**Your objective**
Return the material below exactly, but only from the line with "Camisa Cuello francés" through the line with "Terpapar di Film", and without its pictures.

**Data to use**
>>
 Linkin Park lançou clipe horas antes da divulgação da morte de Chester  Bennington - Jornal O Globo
<<
>>
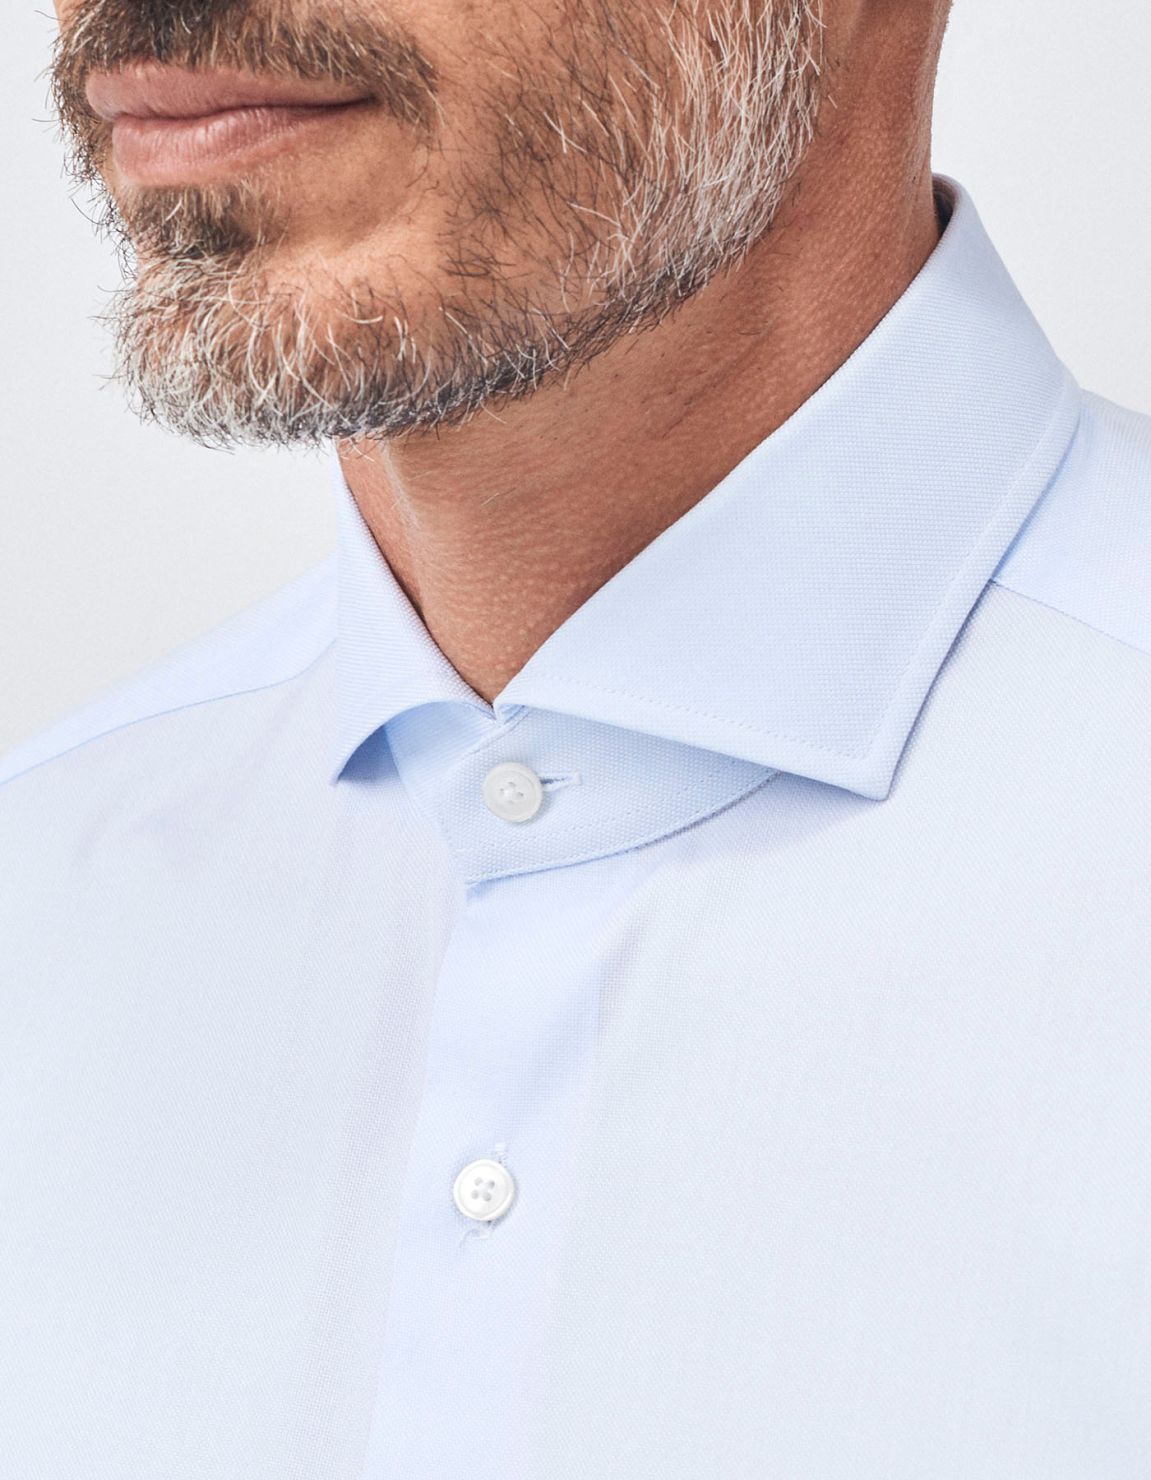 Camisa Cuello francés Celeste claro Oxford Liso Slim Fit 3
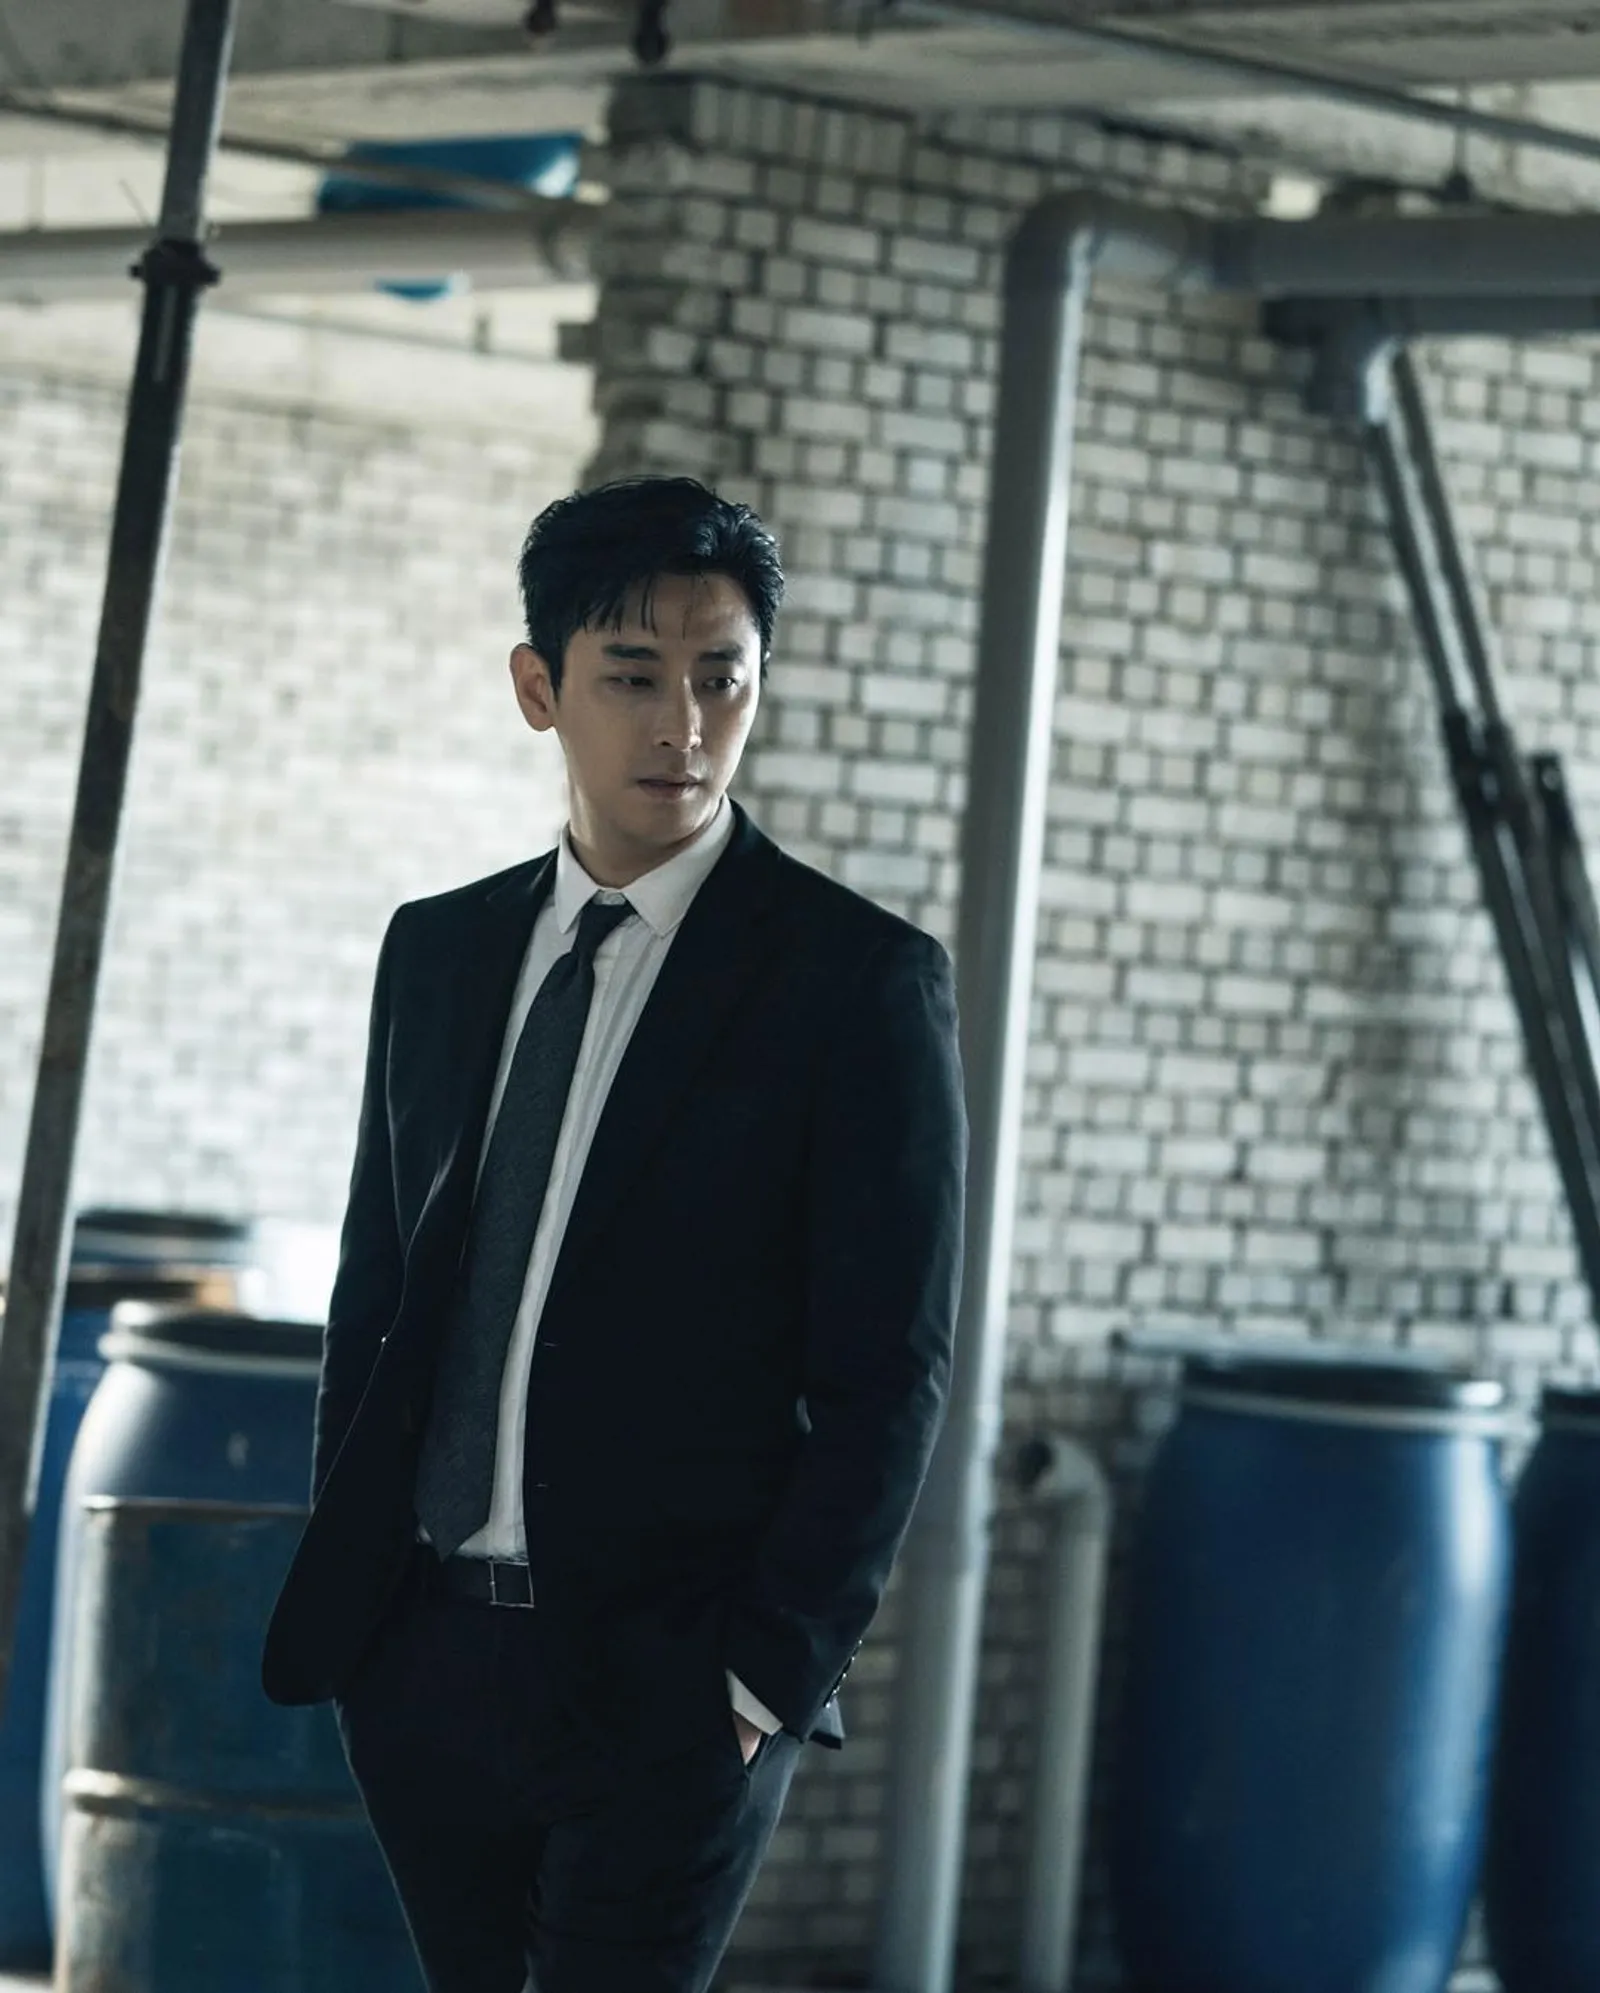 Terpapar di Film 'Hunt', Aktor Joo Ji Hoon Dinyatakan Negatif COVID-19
<<
>>
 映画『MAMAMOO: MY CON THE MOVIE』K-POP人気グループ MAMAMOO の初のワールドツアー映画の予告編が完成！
<<
**Reply**
 Camisa Cuello francés Celeste claro Oxford Liso Slim Fit 3
 Terpapar di Film 'Hunt', Aktor Joo Ji Hoon Dinyatakan Negatif COVID-19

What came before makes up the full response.